Alexandra is a ghost town in Yavapai County, Arizona, United States. The ghost town was settled during the frontier days of 1875 as a mining camp until abandoned in 1896. Alexandra is ten miles east of Mayer.

History

Alexandra was founded by E.G. Peck, the owner of the Peck Mine, a famous mining company at the time, T.M. Alexander, William Cole and a man named Curtis Coe Bean. One day in June 1875 while walking through the Bradshaw Mountains, Peck noticed a peculiar rock partly underground. After examination, the rock proved to be pure silver and the first of Alexandra was founded. The town is located in Peck Canyon and was named Alexandra after Mrs. T.M. Alexander, a founder and the first lady to be at the town.

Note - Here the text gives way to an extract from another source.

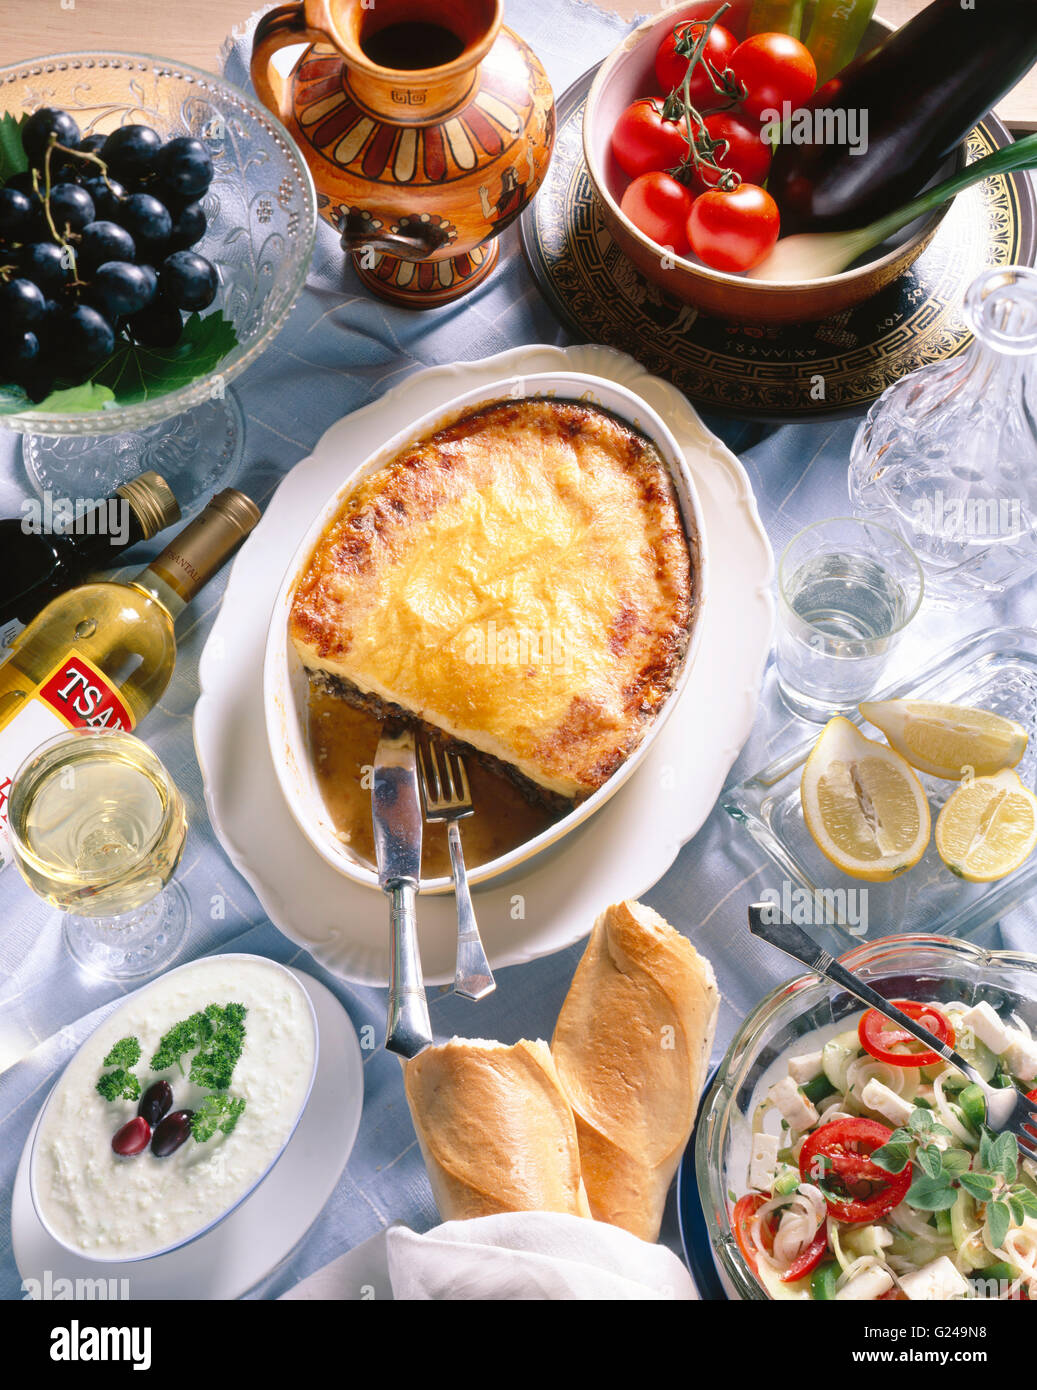 La cuisine nationale grecque, salade de fromage feta, tzatziki, la moussaka, vin Retsina Banque D'Images
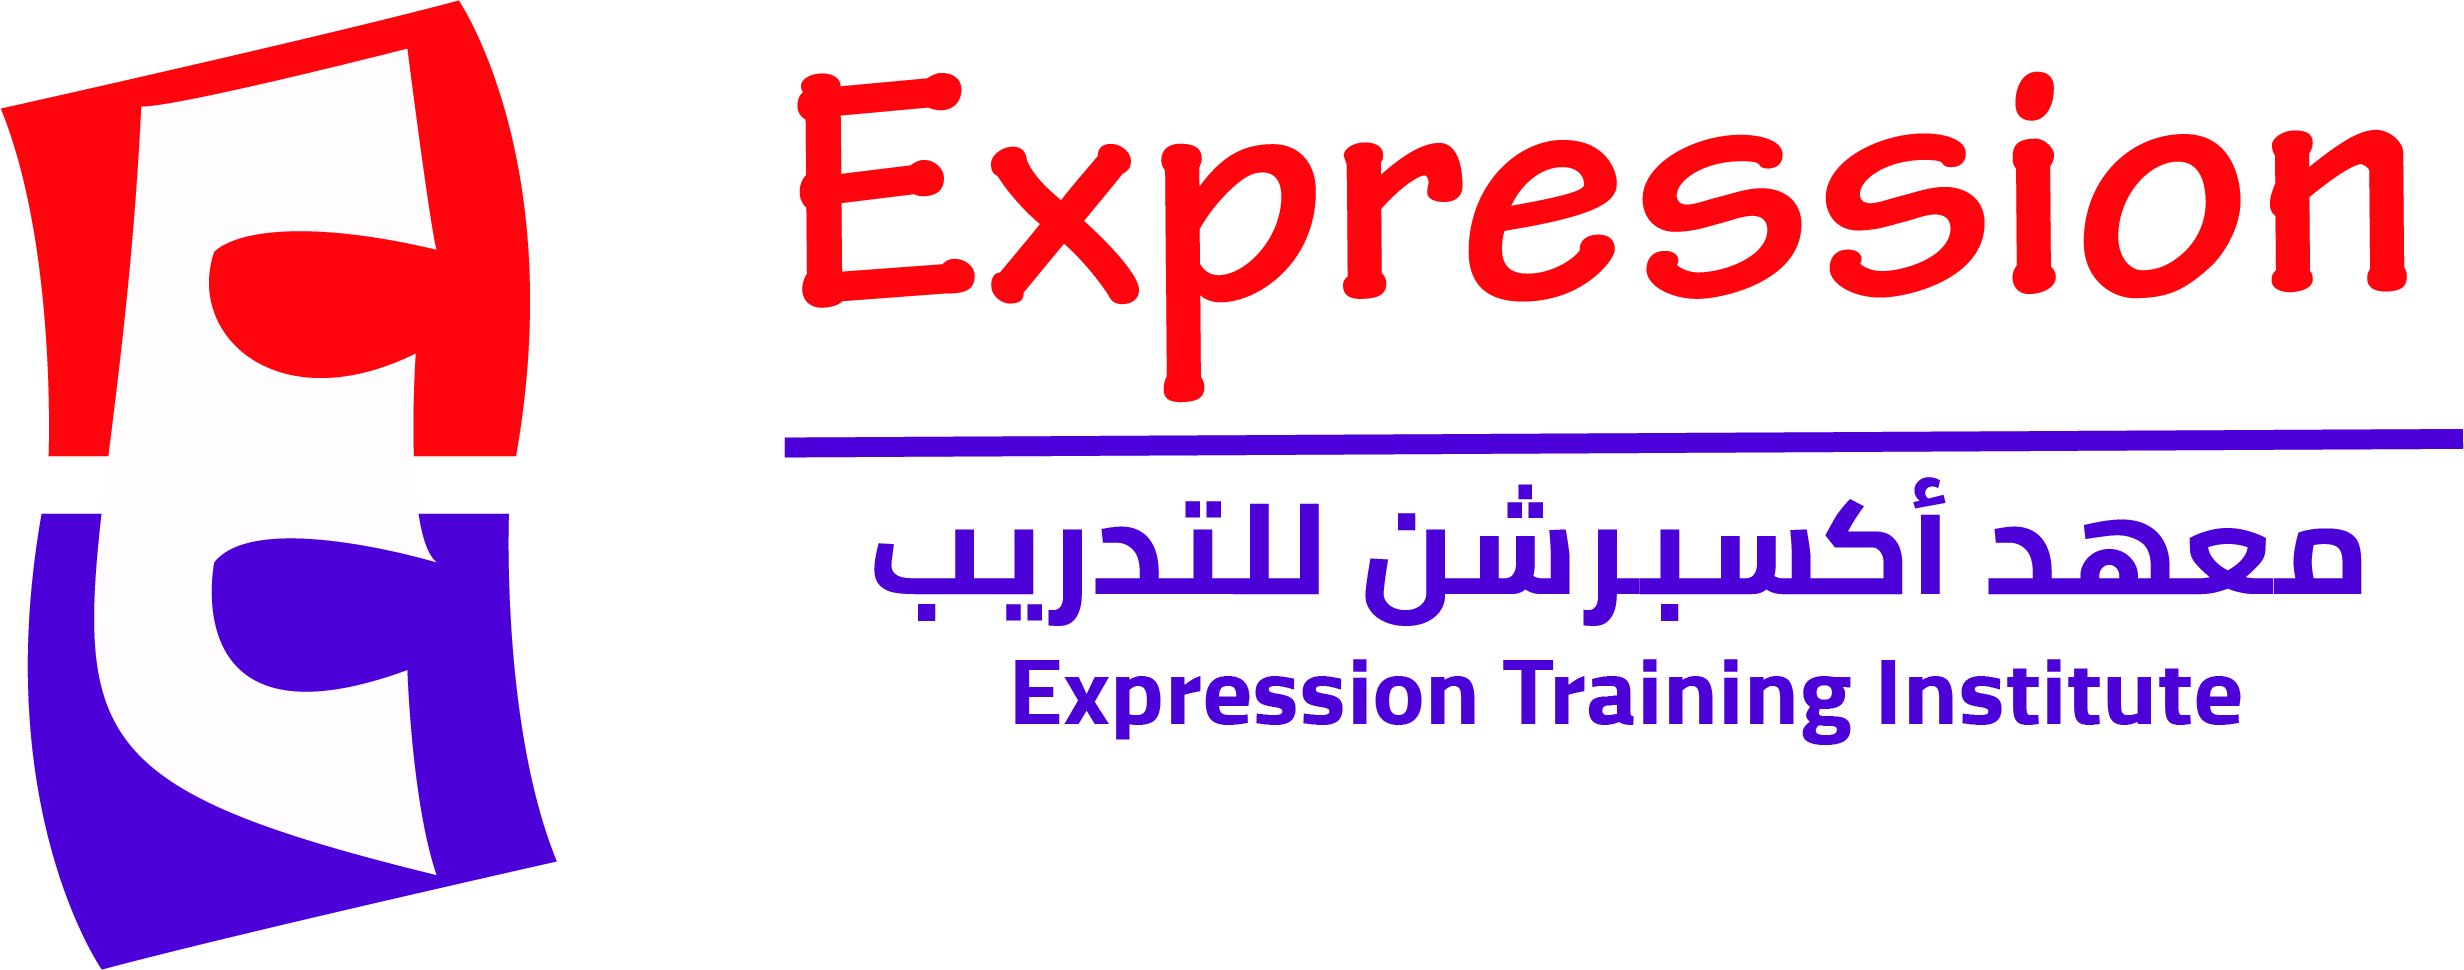 Expression Training Institute Logo

A long mountain road separated the town from Mayer. The silver ore produced from the mine was taken via pack train through Bradshaws to Aztlan Mill, thirty miles away.

This became troublesome so eventually Peck built his own mill at Alexandra in 1877. A year later a post office was established. The town boomed and grew to seventy-five to 100 buildings. General stores, saloons, boarding houses, livery stables, a blacksmith and a brewery all existed there. Alexandra was lively until litigation problems began and by 1879 the town was mostly uninhabited and remained so for years. The post office closed in 1896 but in 1903, a new mine shaft was founded at Peck Mine. This did not save the town though, apparently Alexandra never thrived again and became a ghost.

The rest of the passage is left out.